For more information, refer to Container Security Provider.

Known Issue
A very rare bug has been identified within the Container Security Provider Framework that may contribute to communication errors for an application when reaching out to other endpoints via mutual TLS. An application's Diego Instance Identity certificate and key pair are reloaded every 24 hours and the Framework watches these files to update
the Security Provider accordingly. A low level concurrency bug makes it possible for a mismatching certificate and key pair to be loaded in the Security Provider and when this occurs TLS negotiations may fail until the application is restarted or the Instance Identity certificate and key are rotated again.The error state may show itself as "bad_certificate" or "handshake_failure". 

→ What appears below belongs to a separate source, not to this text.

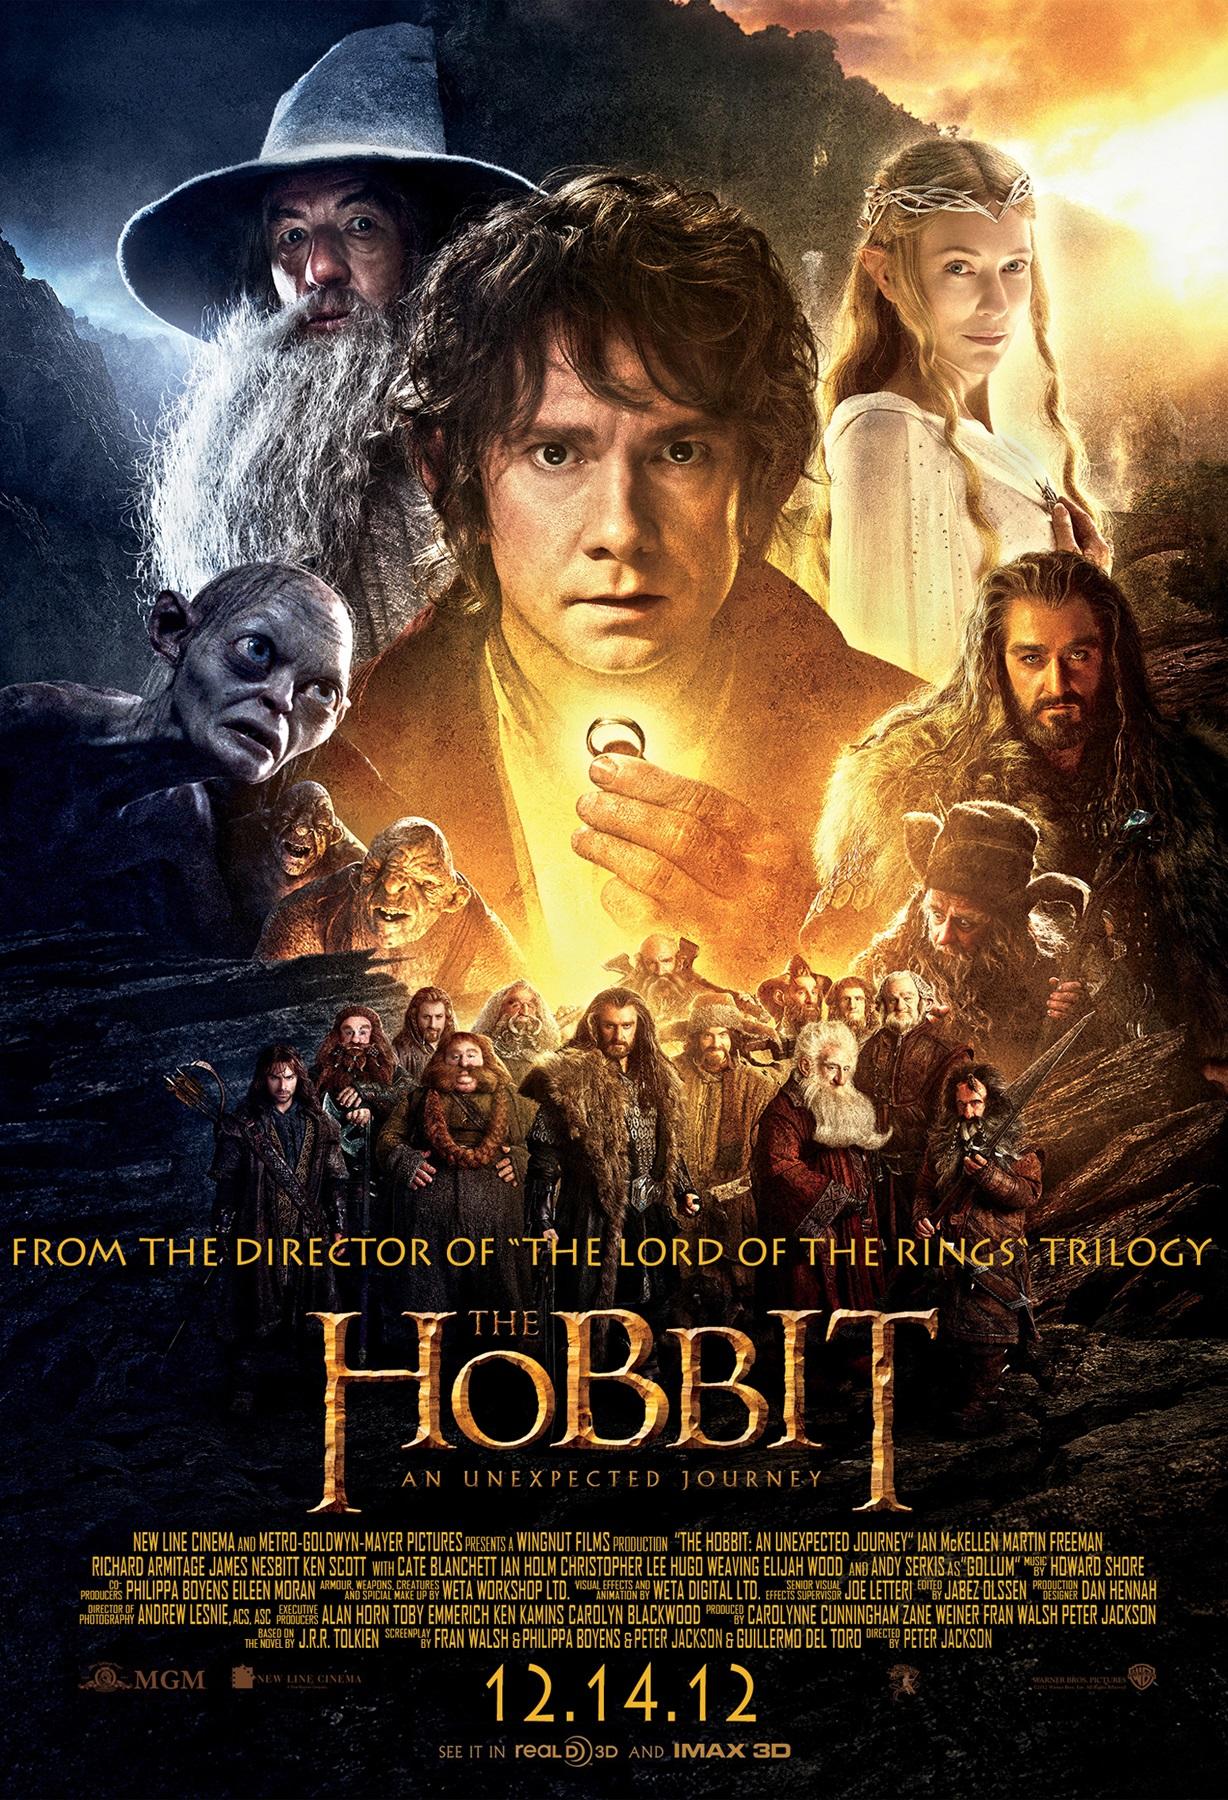 hobbit niezwykła podróż film recenzja plakat martin freeman

Initial log for when the Instance Identity certificate and key are rotated:

o.c.s.FileWatchingX509ExtendedKeyManager.run - Updated KeyManager for /etc/cf-instance-credentials/instance.key and /etc/cf-instance-credentials/instance.crt

TLS failure Immediately following the rotation of the Instance Identity certificate and key when the error state is present:

I/O error on GET request for \""https://credhub.service.cf.internal:8844/api/v1/data\"": Received fatal alert: handshake_failure; nested exception is javax.net.ssl.SSLHandshakeException: Received fatal alert: handshake_failure]

I/O error on GET request for ""https://credhub.service.cf.internal:8844/api/v1/data"": readHandshakeRecord; nested exception is javax.net.ssl.SSLException: readHandshakeRecord] with root cause"

This issue has been fixed in Java buildpack v4.57. Until upgrade your apps with the fixed Java buildpack, the workaround is to restart the application instance facing this error.